The authors examined 13 mismatch repair-deficient (MMRD)-associated primary brain tumors to determine molecular characteristics and biological behavior. MMRD occurred after chemotherapy and radiotherapy in two cases. The genetic profile of MMRD glioblastoma was different from that of conventional glioblastoma. Half of the MMRD-gliomas and all Lynch syndrome-associated GBMs were high in microsatellite instability. These tumors had high mutational burdens and tended to have shorter progression-free survival than glioma without MMRD.
Rare tumors, such as mesenchymal chondrosarcoma (MCS) lack effective treatments partly due to unavailability of research models. The authors developed novel in vitro and in vivo MCS models and validated them at the single-cell RNA level. MCS dependencies were identified and coupled with clinically available therapies. Imatinib showed the highest selectivity and cytotoxicity in both models.

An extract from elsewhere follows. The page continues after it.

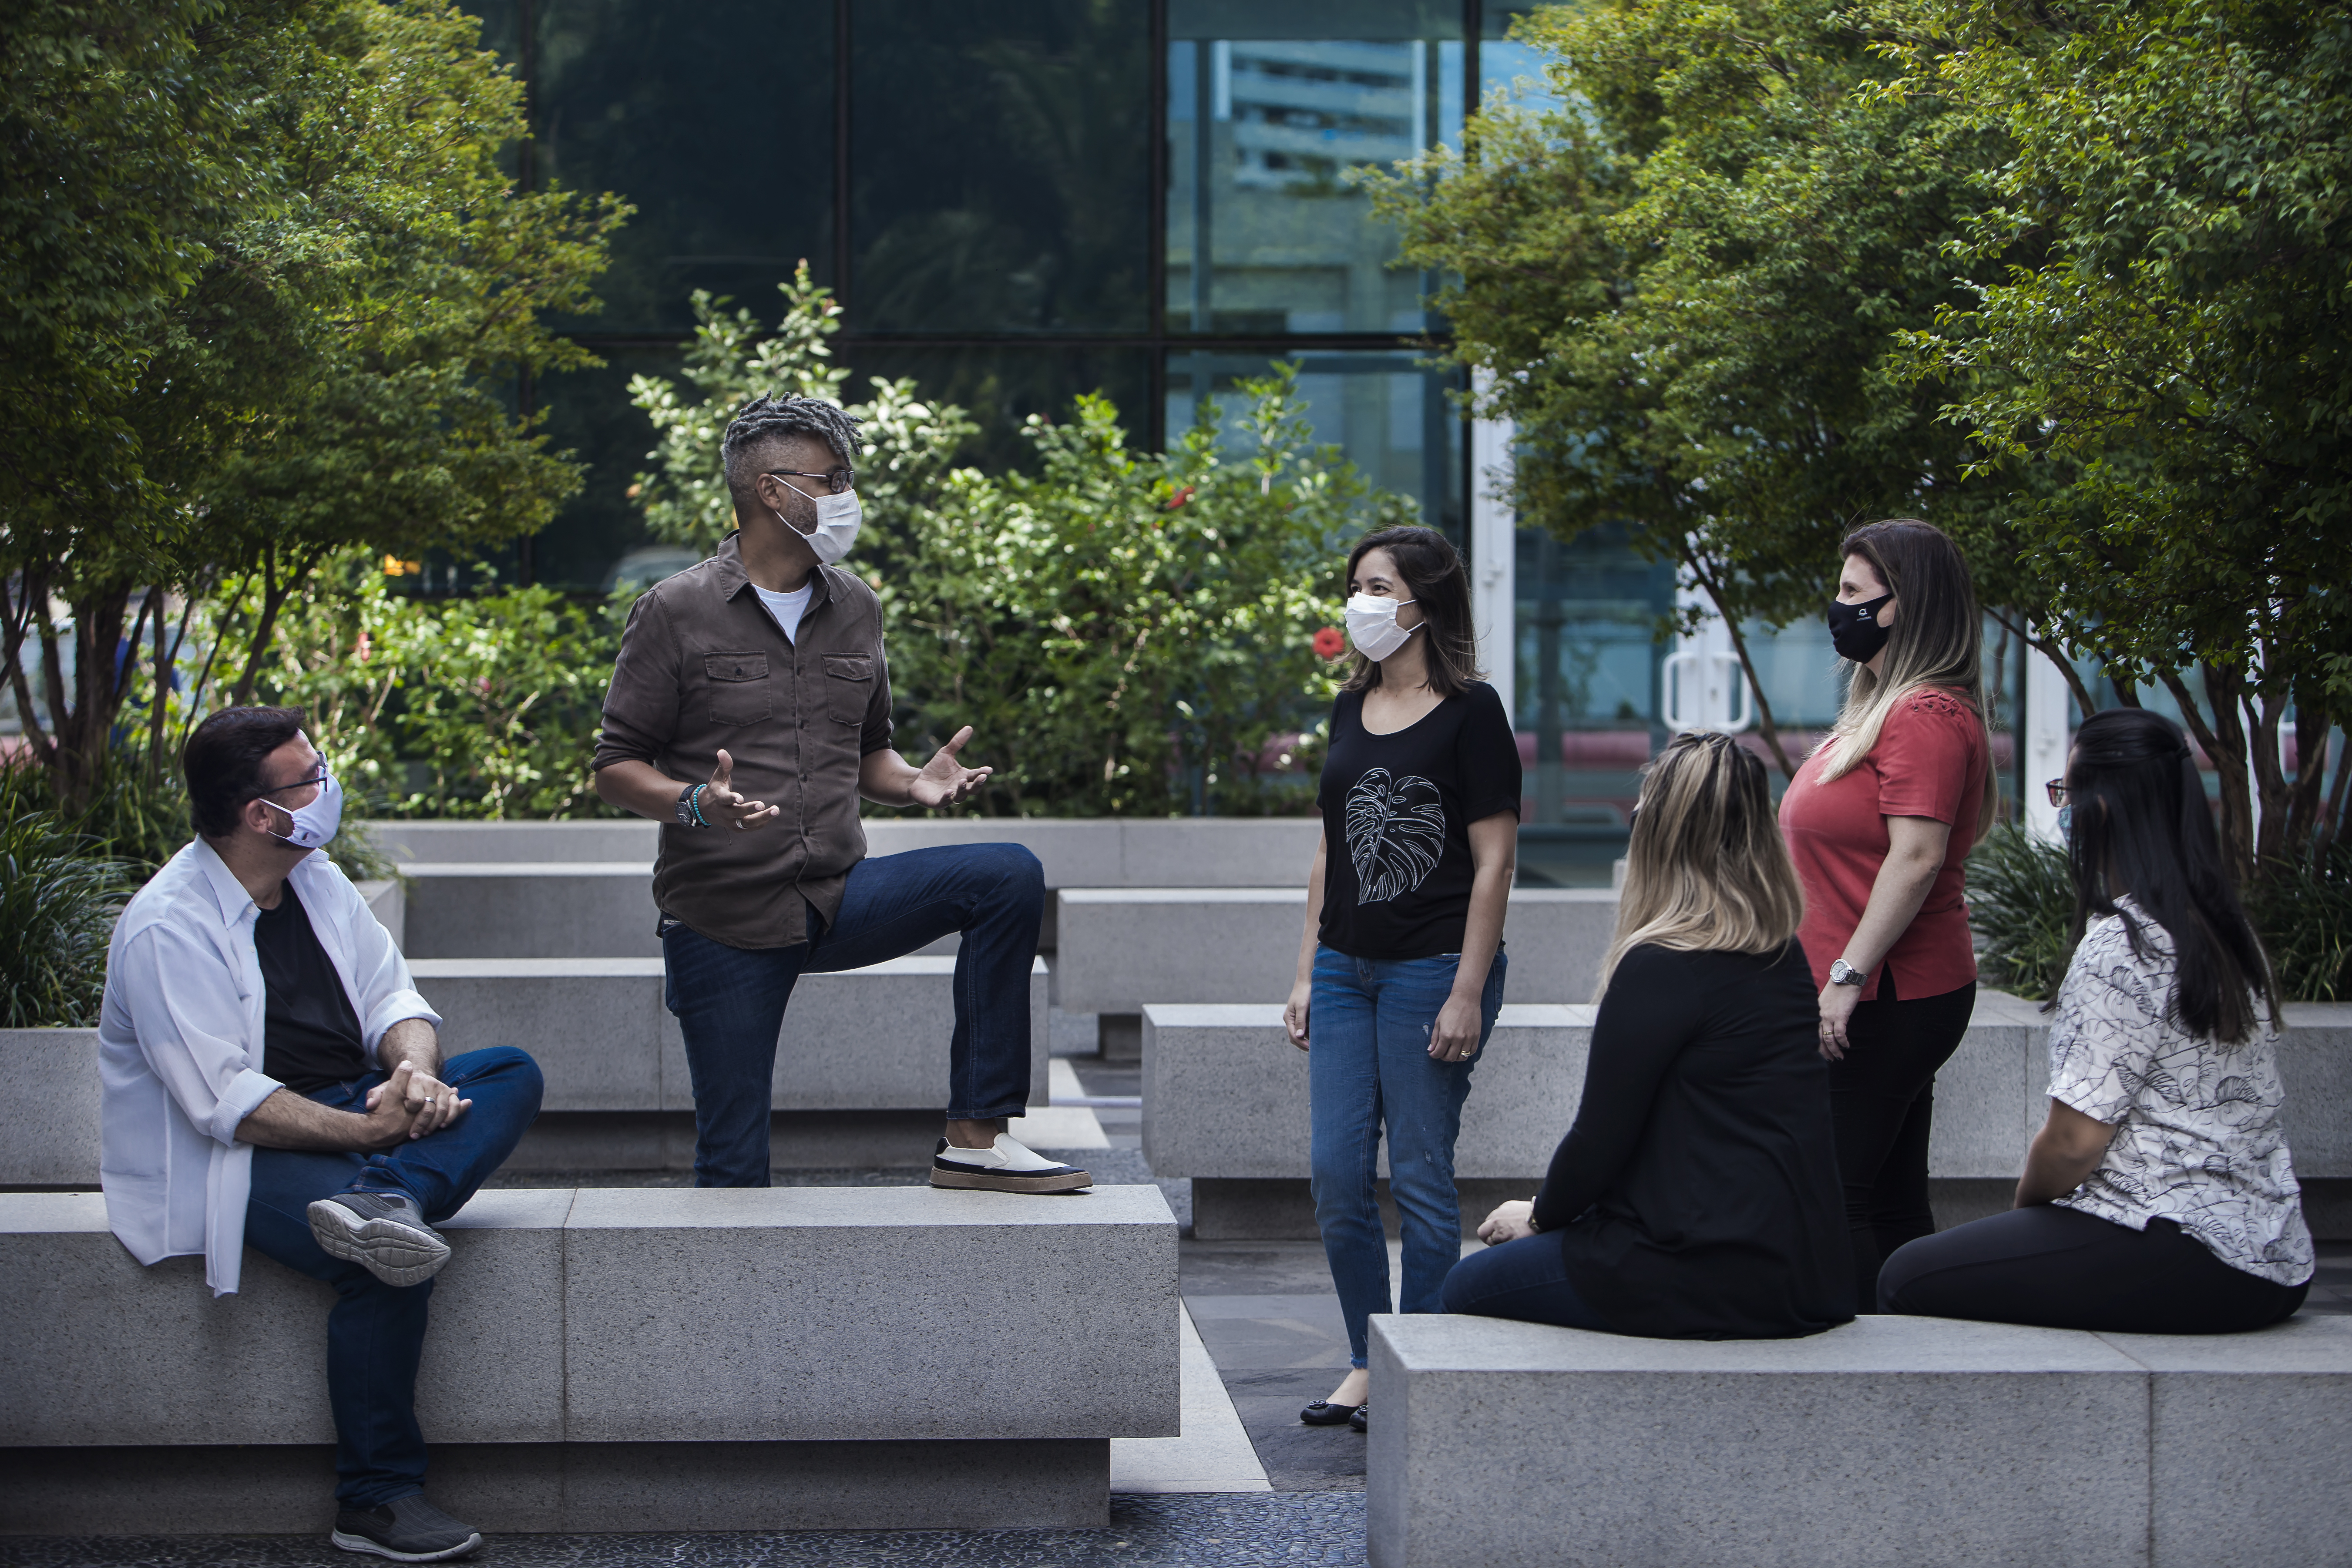 Imagem mostra um grupo de 5 pessoas conversando, usando máscaras, em um jardim. Ao centro está Moisés Marques, um homem negro de camisa marrom.

An artificial intelligence (AI) model was developed to discriminate between fibroadenomas and phyllodes tumors on core biopsy images. It employed a two-stage architecture comprising a convolutional neural network (CNN) component for feature extraction, and a recurrent neural network (RNN) component for whole-slide classification, with an overall slide-level accuracy of 87.5%.
This study confirms the preservation of EZH2 overexpression in 22 patient-derived orthotopic xenograft models of pediatric brain tumors. The authors demonstrate the activity of an FDA-approved EZH2 inhibitor, tazemetostat, alone and in combination with radiation in a subset of the models, and identifies EZH2-negative cells as potential cause of therapy resistance.